Circular RNA (CircRNA), a single-stranded closed-loop RNA that lacks terminal 5′ caps and 3′ poly (A) tails, is more stable than linear RNA. CircRNA was first discovered in plant-infected viroids and was later observed in eukaryotes, although it was not produced via the back-splicing mechanism.
1. Characteristics
Circular RNA (CircRNA), a single-stranded closed-loop RNA that lacks terminal 5′ caps and 3′ poly (A) tails, is more stable than linear RNA [8][1]. CircRNA was first discovered in plant-infected viroids [9][2] and was later observed in eukaryotes, although it was not produced via the back-splicing mechanism [10][3]. Increasing numbers of differentially expressed circRNAs have been identified as a result of improvements in high-throughput sequencing techniques and bioinformatics. Over the years, a variety of the biological functions of circRNAs have been disclosed.
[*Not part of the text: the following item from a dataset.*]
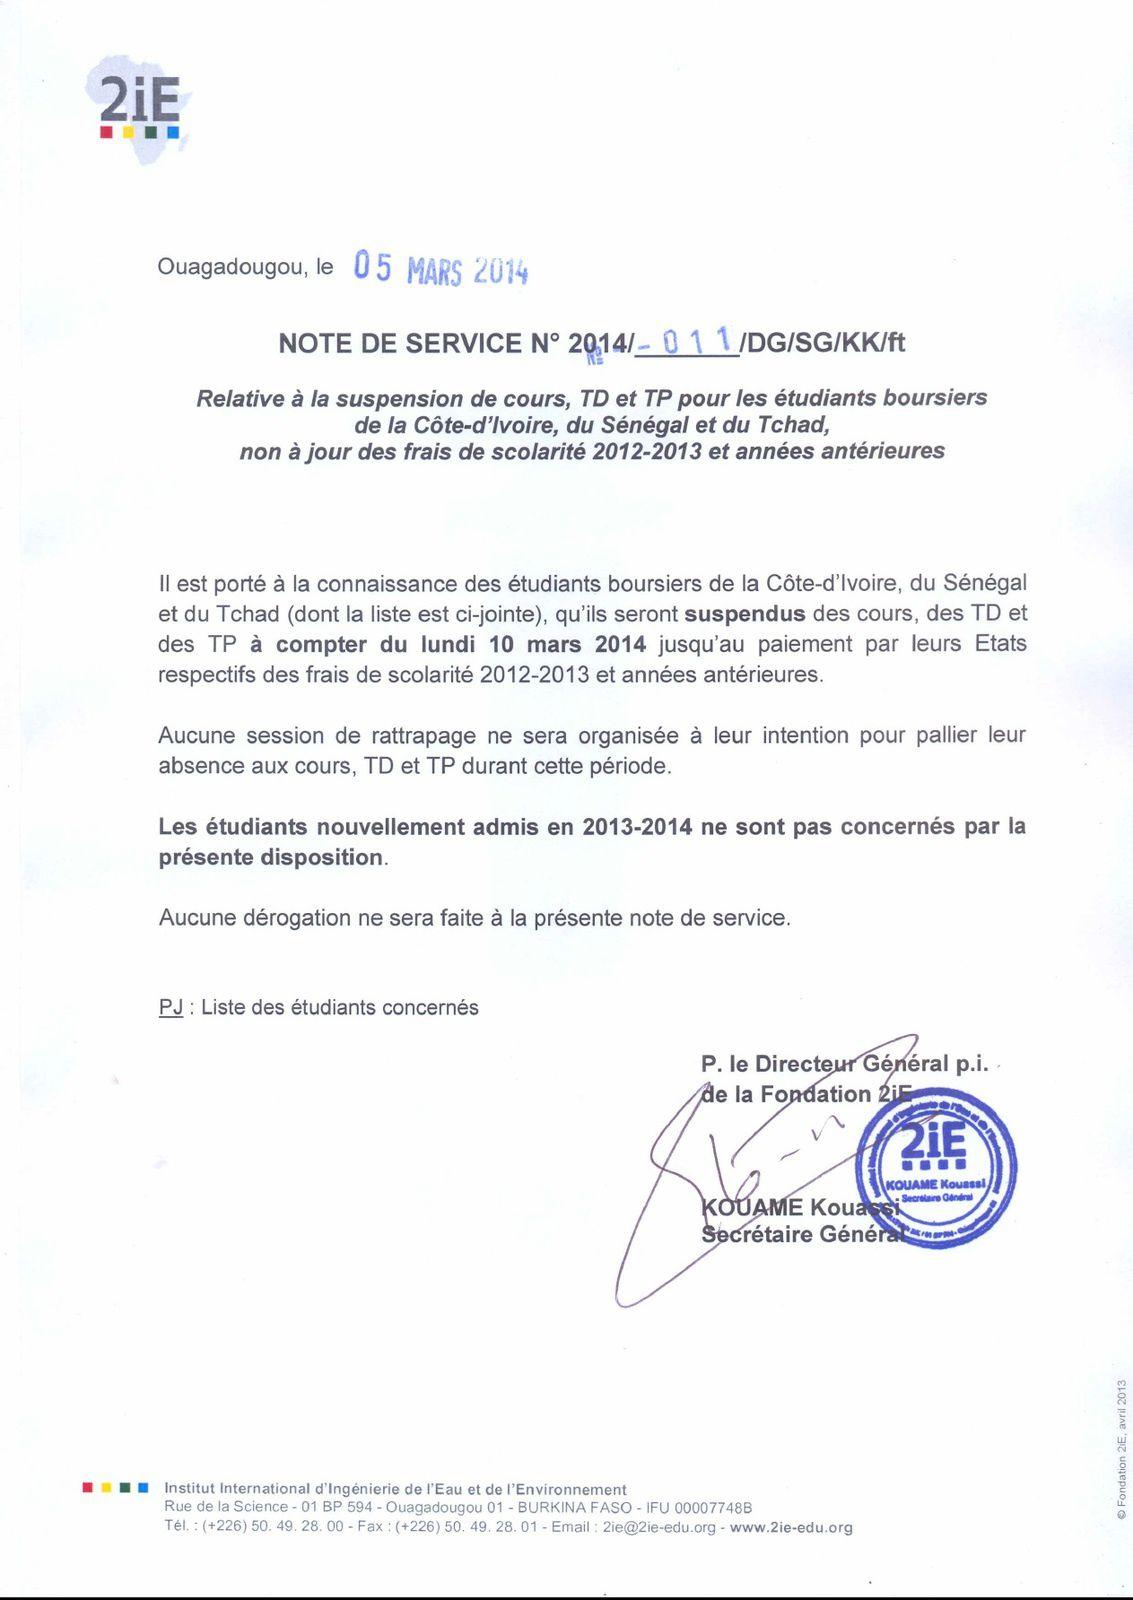 Des étudiants tchadiens suspendus de cours à Ouagadougou

An increasing number of studies have suggested that circRNAs are involved in a variety of diseases and may serve as biomarkers for cancer diagnostic and therapeutic targets [11][4].
Through in-depth studies of circRNAs, scientists have obtained a fundamental understanding of the characteristics of circRNAs, including their diversity, expression, stability, and conservation.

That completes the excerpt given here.